## Your goal:
In the entries below, find the line with "In a taste of" and the line with "Lamingtons - cafe". Return those two lines and all lines between them, exactly.

(Records drawn from a dataset)

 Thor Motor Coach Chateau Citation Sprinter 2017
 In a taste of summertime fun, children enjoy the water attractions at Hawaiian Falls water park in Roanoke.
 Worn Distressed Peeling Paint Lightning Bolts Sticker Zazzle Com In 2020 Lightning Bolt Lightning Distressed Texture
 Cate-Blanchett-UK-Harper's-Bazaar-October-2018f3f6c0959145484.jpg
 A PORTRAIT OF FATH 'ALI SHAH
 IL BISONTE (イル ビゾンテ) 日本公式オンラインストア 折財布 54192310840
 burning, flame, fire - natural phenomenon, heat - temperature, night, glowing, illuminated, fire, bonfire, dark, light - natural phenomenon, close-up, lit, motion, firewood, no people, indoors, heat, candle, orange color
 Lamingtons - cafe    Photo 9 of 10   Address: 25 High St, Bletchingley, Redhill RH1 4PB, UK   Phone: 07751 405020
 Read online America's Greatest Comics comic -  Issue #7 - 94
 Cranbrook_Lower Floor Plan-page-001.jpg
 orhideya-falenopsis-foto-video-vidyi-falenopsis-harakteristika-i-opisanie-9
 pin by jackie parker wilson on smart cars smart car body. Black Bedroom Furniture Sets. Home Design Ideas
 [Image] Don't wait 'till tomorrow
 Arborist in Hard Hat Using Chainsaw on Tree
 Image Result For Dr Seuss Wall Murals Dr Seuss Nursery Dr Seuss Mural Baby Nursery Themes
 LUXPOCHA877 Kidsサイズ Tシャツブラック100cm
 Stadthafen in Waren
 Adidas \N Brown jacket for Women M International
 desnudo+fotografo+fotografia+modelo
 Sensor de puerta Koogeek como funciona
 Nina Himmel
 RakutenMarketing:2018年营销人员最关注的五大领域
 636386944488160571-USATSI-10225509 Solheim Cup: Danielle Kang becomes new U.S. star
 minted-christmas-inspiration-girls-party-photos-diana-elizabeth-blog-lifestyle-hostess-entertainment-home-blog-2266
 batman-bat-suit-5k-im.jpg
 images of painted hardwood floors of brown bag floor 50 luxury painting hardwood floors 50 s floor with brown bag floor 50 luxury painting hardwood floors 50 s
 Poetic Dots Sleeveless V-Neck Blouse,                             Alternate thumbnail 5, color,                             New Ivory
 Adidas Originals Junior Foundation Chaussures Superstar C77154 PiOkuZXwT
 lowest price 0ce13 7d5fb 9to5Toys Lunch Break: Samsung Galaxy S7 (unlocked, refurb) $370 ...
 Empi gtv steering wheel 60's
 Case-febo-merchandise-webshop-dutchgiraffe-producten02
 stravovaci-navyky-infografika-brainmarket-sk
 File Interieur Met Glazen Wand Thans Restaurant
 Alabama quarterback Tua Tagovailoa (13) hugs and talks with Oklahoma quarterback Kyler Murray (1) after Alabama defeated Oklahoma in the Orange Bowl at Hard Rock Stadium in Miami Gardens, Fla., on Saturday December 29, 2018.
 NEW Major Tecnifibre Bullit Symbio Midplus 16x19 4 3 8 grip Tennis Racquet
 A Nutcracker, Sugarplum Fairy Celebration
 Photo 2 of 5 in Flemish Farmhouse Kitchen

## Response below:
 In a taste of summertime fun, children enjoy the water attractions at Hawaiian Falls water park in Roanoke.
 Worn Distressed Peeling Paint Lightning Bolts Sticker Zazzle Com In 2020 Lightning Bolt Lightning Distressed Texture
 Cate-Blanchett-UK-Harper's-Bazaar-October-2018f3f6c0959145484.jpg
 A PORTRAIT OF FATH 'ALI SHAH
 IL BISONTE (イル ビゾンテ) 日本公式オンラインストア 折財布 54192310840
 burning, flame, fire - natural phenomenon, heat - temperature, night, glowing, illuminated, fire, bonfire, dark, light - natural phenomenon, close-up, lit, motion, firewood, no people, indoors, heat, candle, orange color
 Lamingtons - cafe    Photo 9 of 10   Address: 25 High St, Bletchingley, Redhill RH1 4PB, UK   Phone: 07751 405020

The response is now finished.